But to speak more exclusively of Raphael himself; in the course of time he found a very serious impediment, in that manner which he had acquired from Pietro in his youth,[2] and which he had at the first so readily adopted: dry, minute, and defective in design, he could not completely divest himself of all recollection thereof, and this caused him to find the utmost difficulty in learning to treat worthily the beauties of the nude form, and to master the methods of those difficult foreshortenings which Michael Angelo Buonarroti executed in his Cartoon, for the Hall of the Council in Florence. Now any artist, who might have lost courage from believing that he had been previously throwing away his time, would never, however fine his genius, have accomplished what Raphael afterwards effected: for the latter, having so to speak, cured and altogether divested himself of the manner of Pietro, the better to acquire that of Michael Angelo, which was full of difficulties in every part; may be said, from a master to have almost become again a disciple, and compelled himself by incredible labours to effect that in a few months, now that he was become a man, which even in his youthful days, and at the time when all things are most

  1. An Italian commentator here remarks, that notwithstanding the marvellous genius of Leonardo, he was exceedingly whimsical, and frequently sought the difficult as well as the good.

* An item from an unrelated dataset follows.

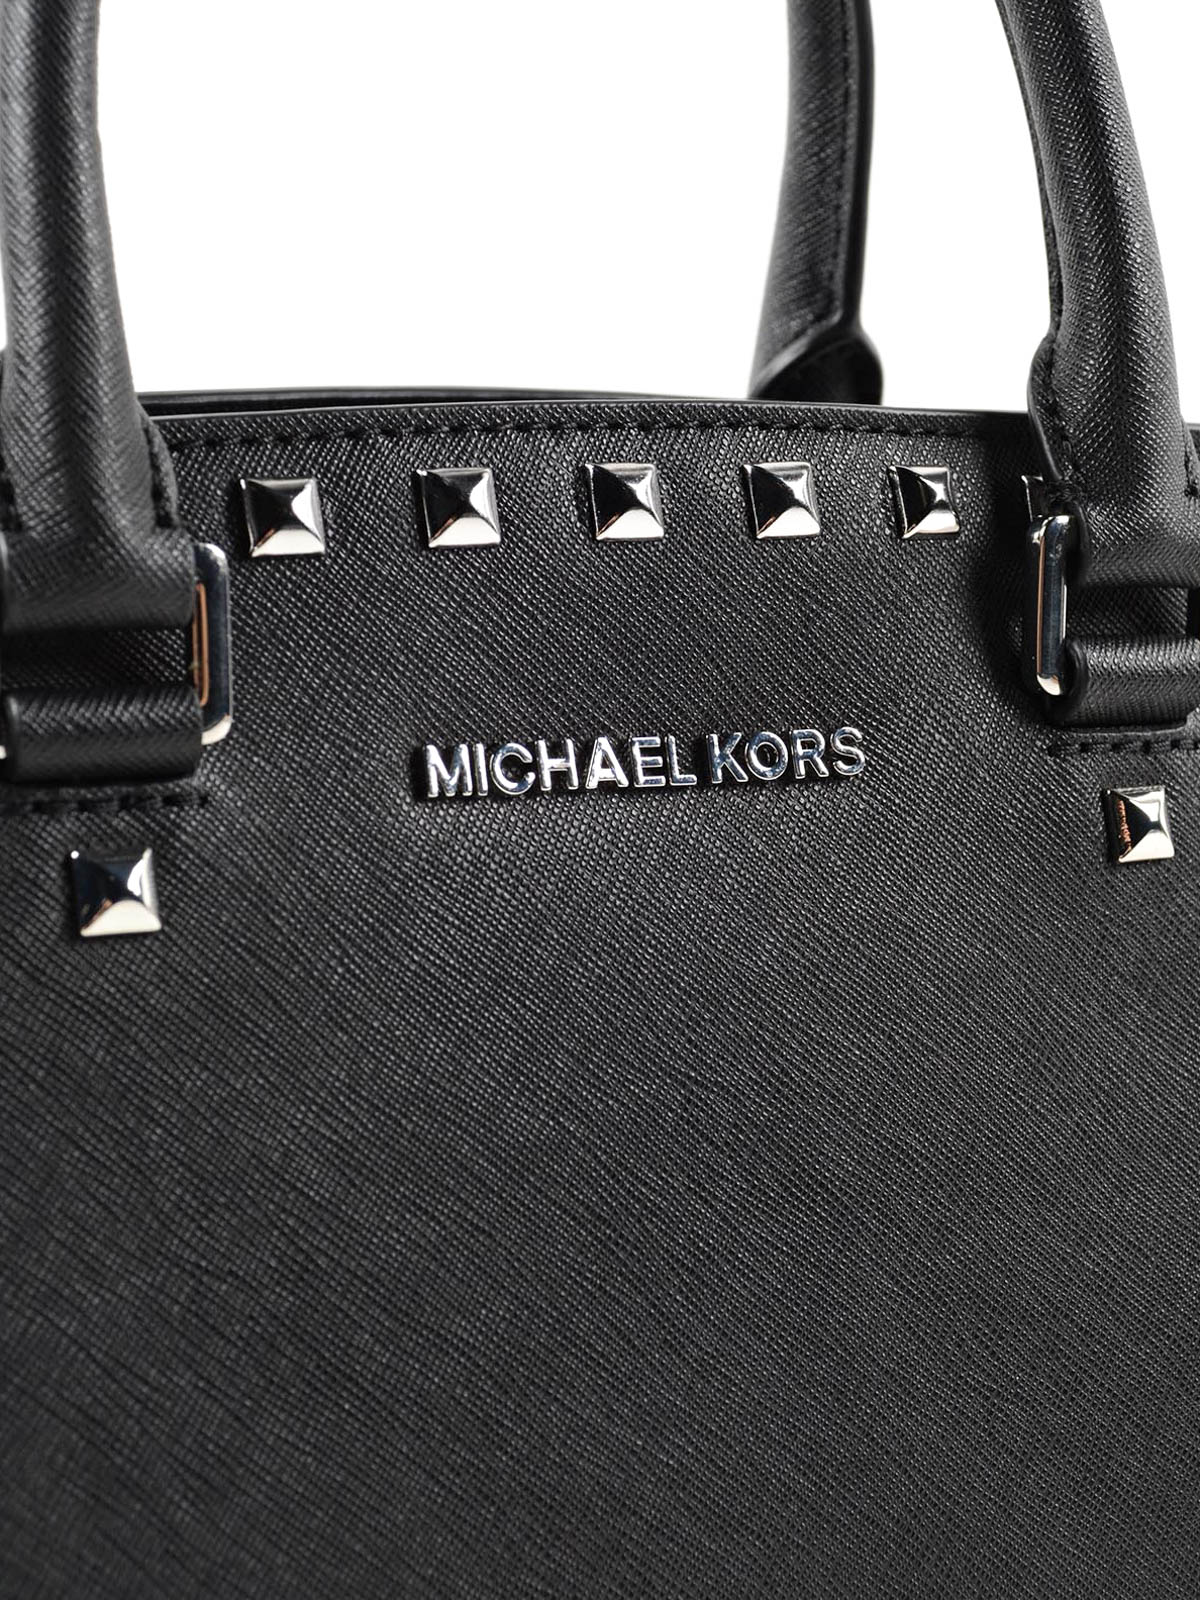 Totes bags Michael Kors - Selma studded tote - 30T3SSMMS2L001
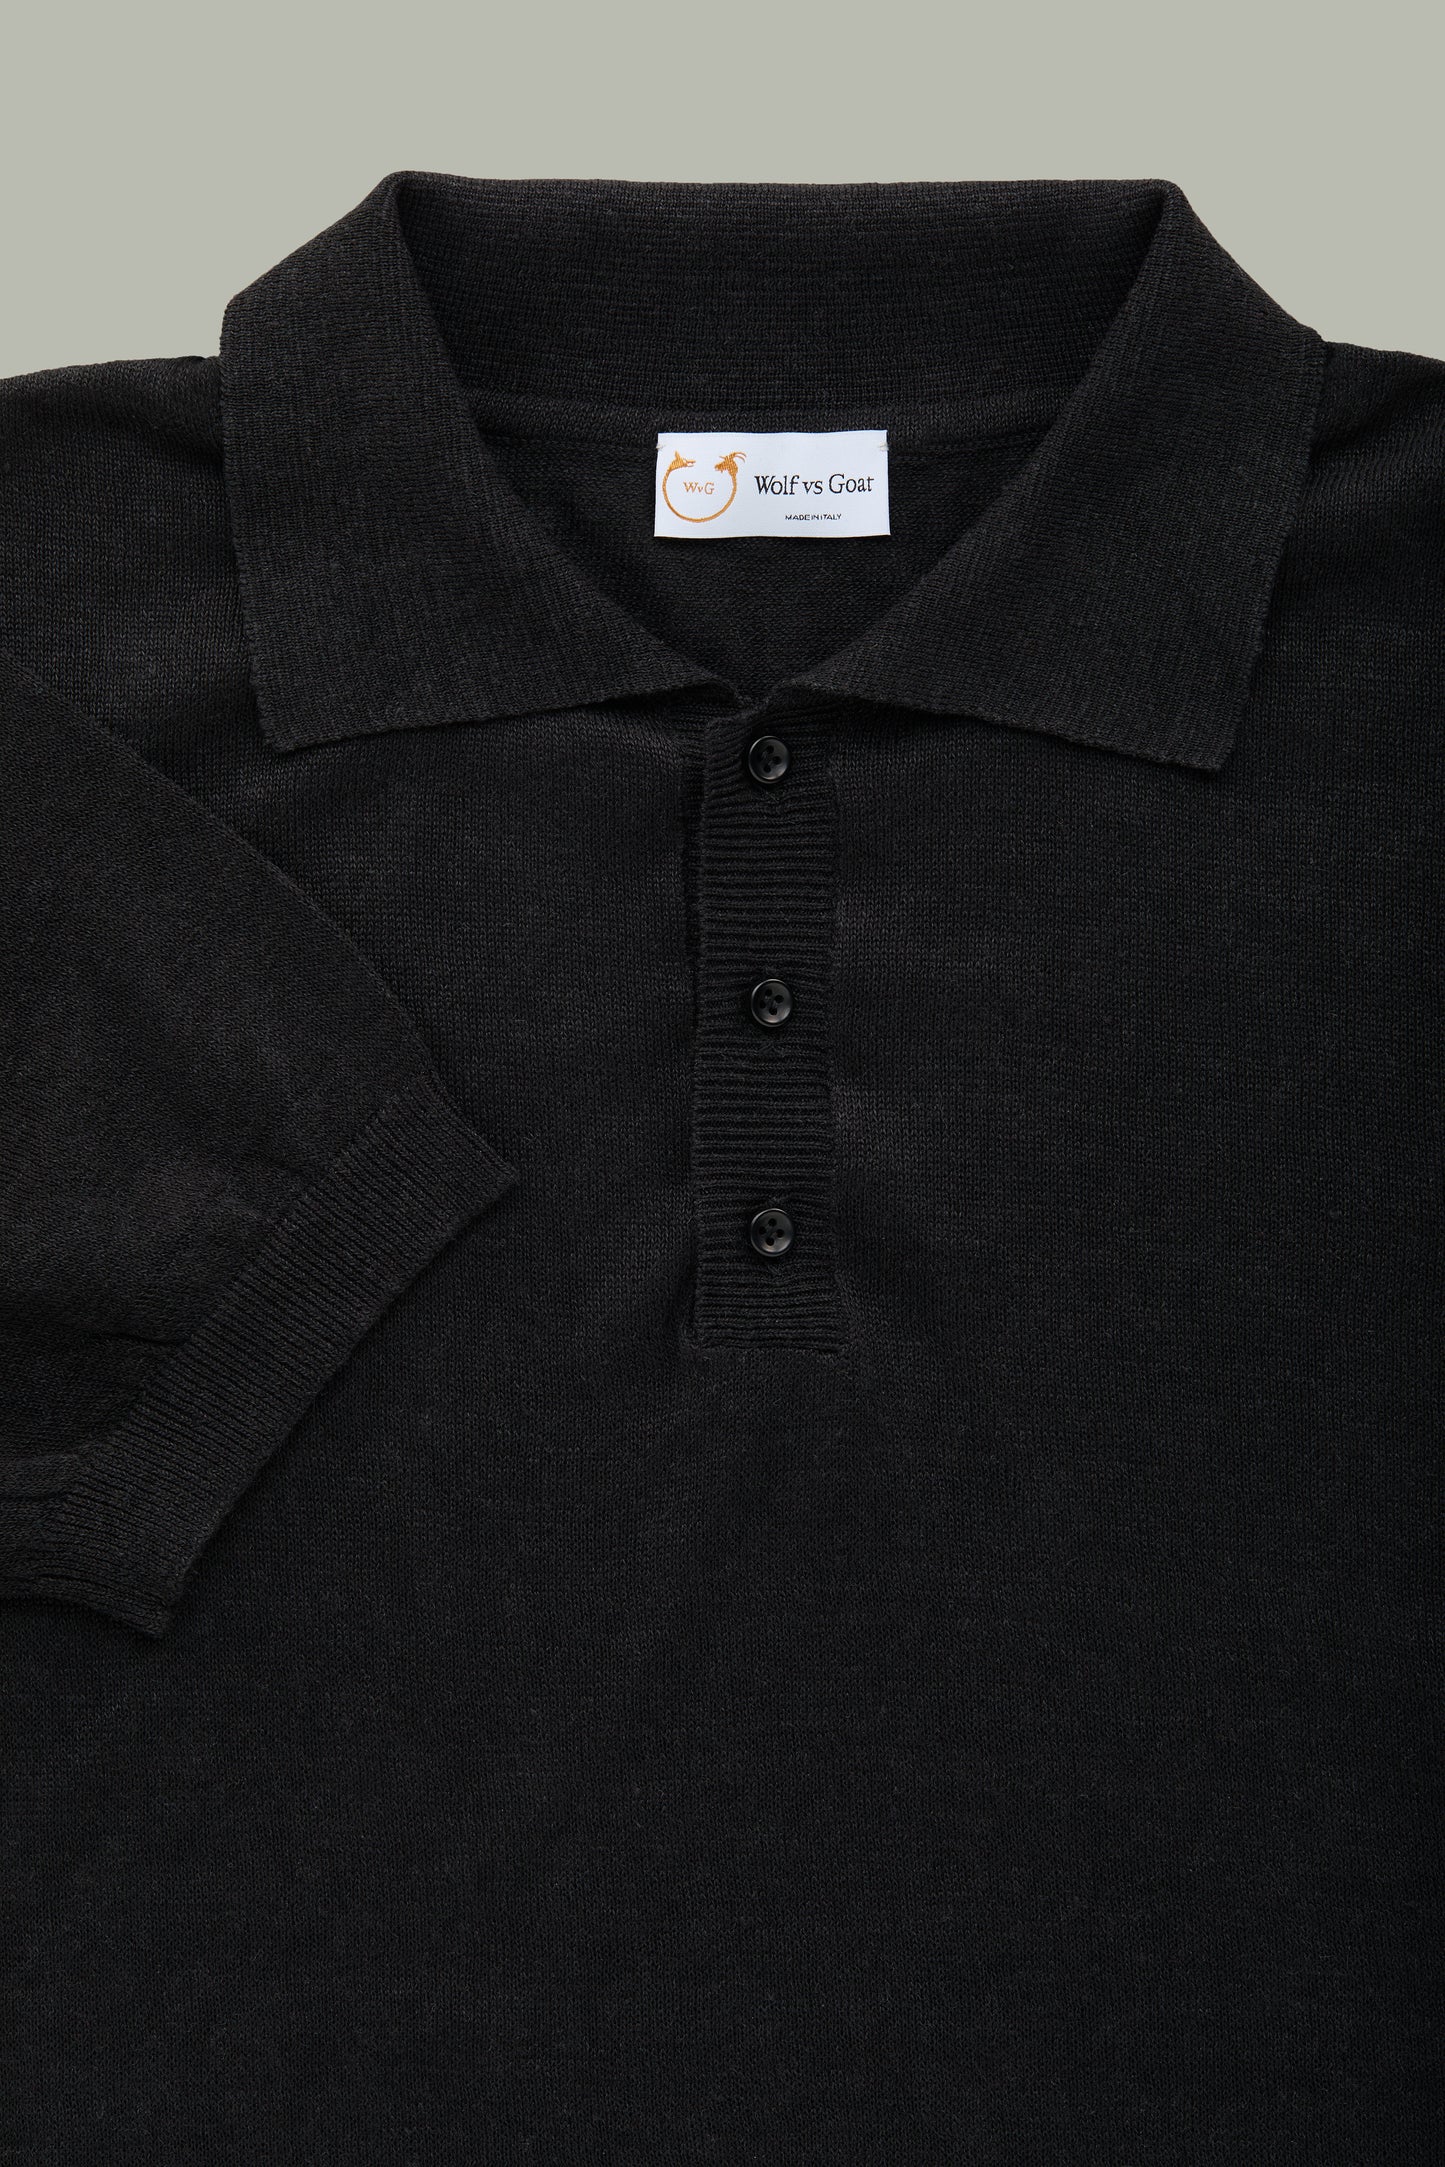 Short Sleeve Linen Cotton Knitted Polo Black

Raphael looked only to the perfection of his work, and if simple means sufficed to produce that, with these means he contented himself. "It may, therefore, he fairly inquired,” continues our waiter, “whether in these “difficulties” of Vasari, Raphael could not, or whether it was that he would not, surpass Leonardo.” This is a question which we leave our readers to determine.
  2. The Cavalier Tommaso Puccini, in a MS, note to Vasari, remarks, that on this point he “cannot agree with the biographer, since it is certain that to Pietro we owe half the success of Raphael Sanzio.” —Ed. Flor. 1832-8.